Given some binary matrix $M$, suppose we are presented with the collection of its rows and columns in independent arbitrary orderings. From this information, are we able to recover the unique original orderings and matrix? We present an algorithm that identifies whether there is a unique ordering associated with a set of rows and columns, and outputs either the unique correct orderings for the rows and columns or the full collection of all valid orderings and valid matrices. We show that there is a constant $c > 0$ such that the algorithm terminates in $O(n^2)$ time with high probability and in expectation for random $n \times n$ binary matrices with i.i.d.\ Bernoulli $(p)$ entries $(m_{ij})_{ij=1}^n$ such that $\frac{c\log^2(n)}{n(\log\log(n))^2} \leq p \leq \frac{1}{2}$.

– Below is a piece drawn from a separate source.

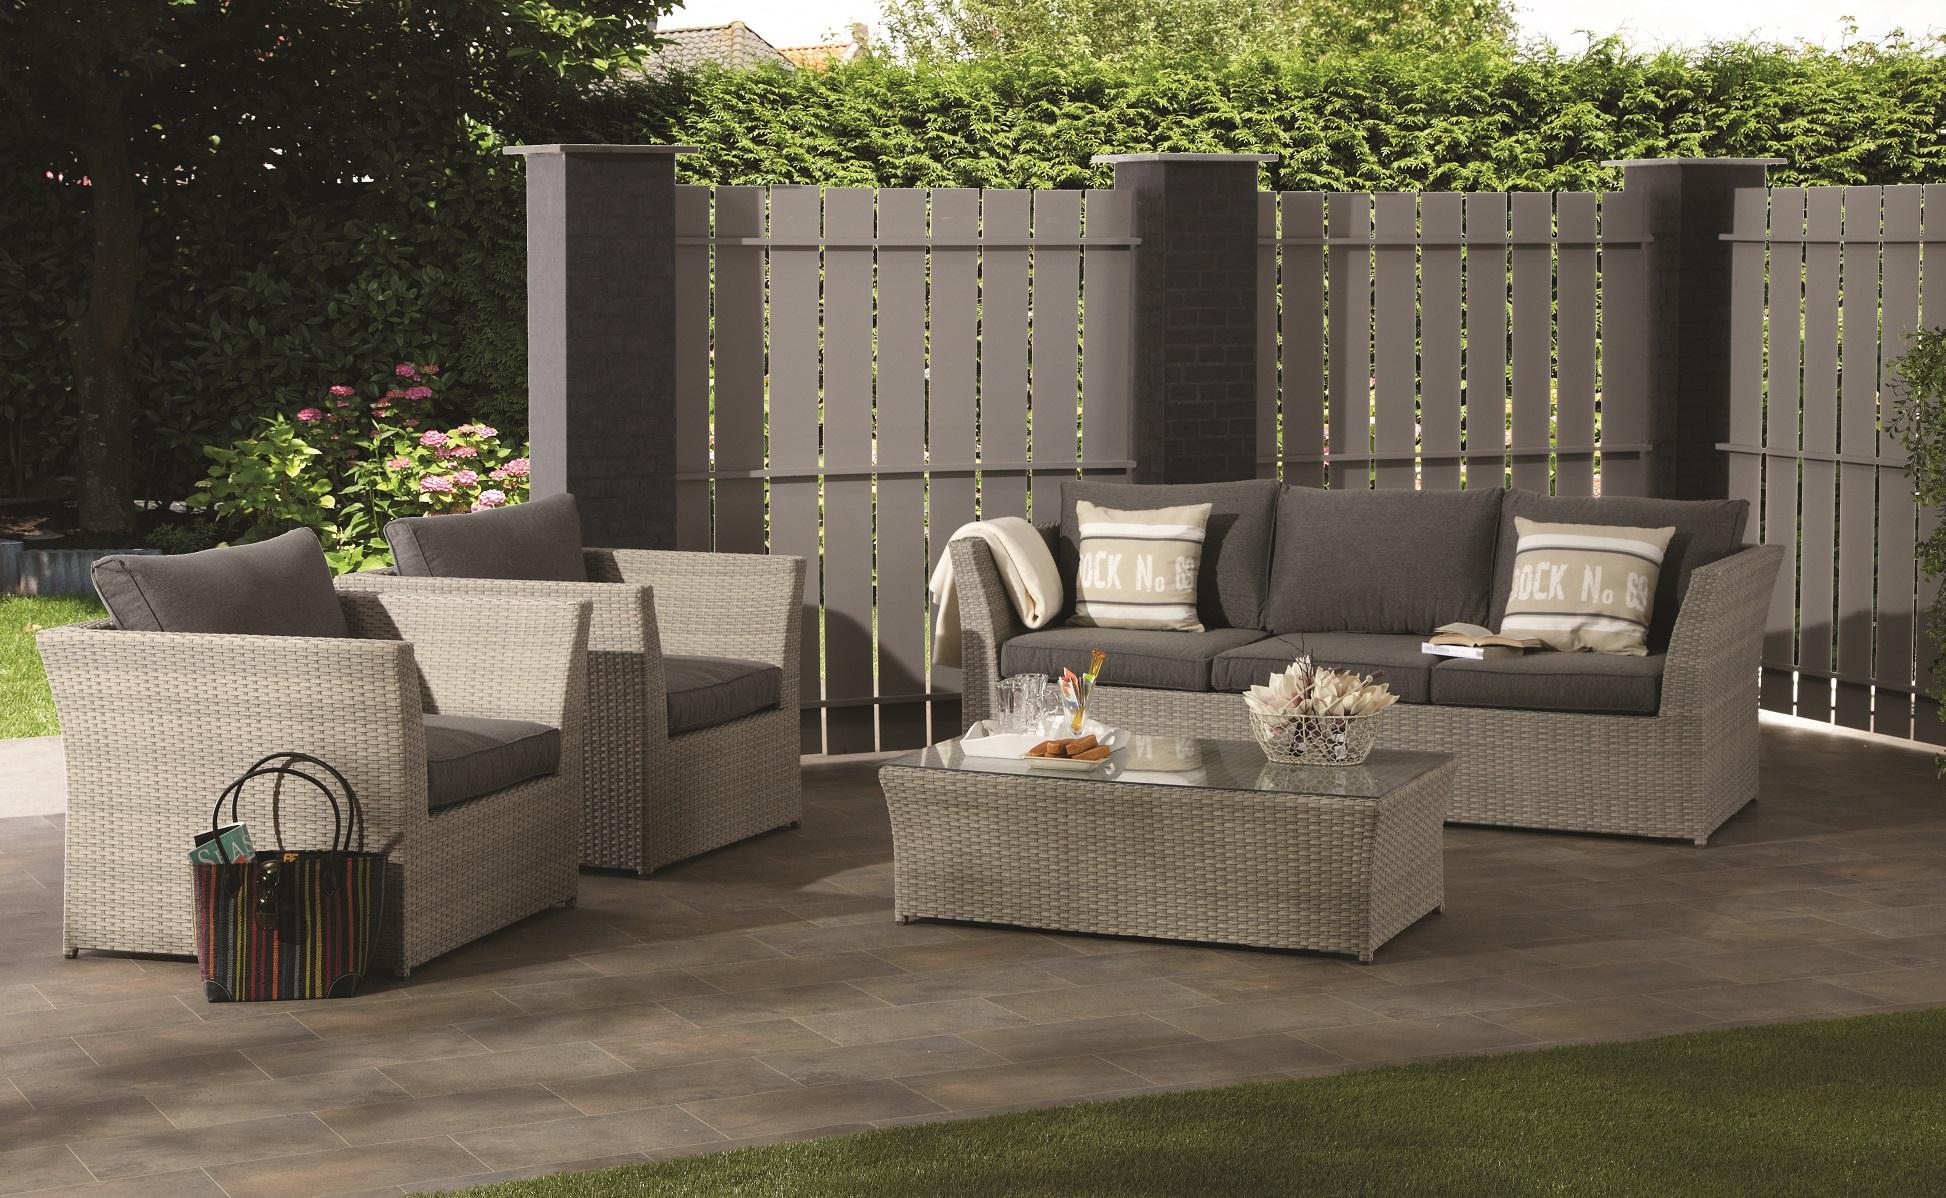 tunis xxl polyrattan lounge gartenm bel sitzgruppe grau braun lounge m bel garten. Black Bedroom Furniture Sets. Home Design Ideas

翻译：给定某个二进制矩阵$M$，假设我们已知其行和列各自独立地以任意顺序排列的集合。我们能否从这些信息中恢复出唯一的原始顺序和矩阵？本文提出了一种算法，用于判断是否存在与行列集合相关的唯一顺序，并输出唯一的正确行、列顺序，或所有有效顺序和有效矩阵的完整集合。我们证明存在常数$c > 0$，使得对于元素$(m_{ij})_{ij=1}^n$服从独立同分布伯努利$(p)$分布、且满足$\frac{c\log^2(n)}{n(\log\log(n))^2} \leq p \leq \frac{1}{2}$的随机$n \times n$二进制矩阵，该算法高概率地以及期望意义下在$O(n^2)$时间内终止。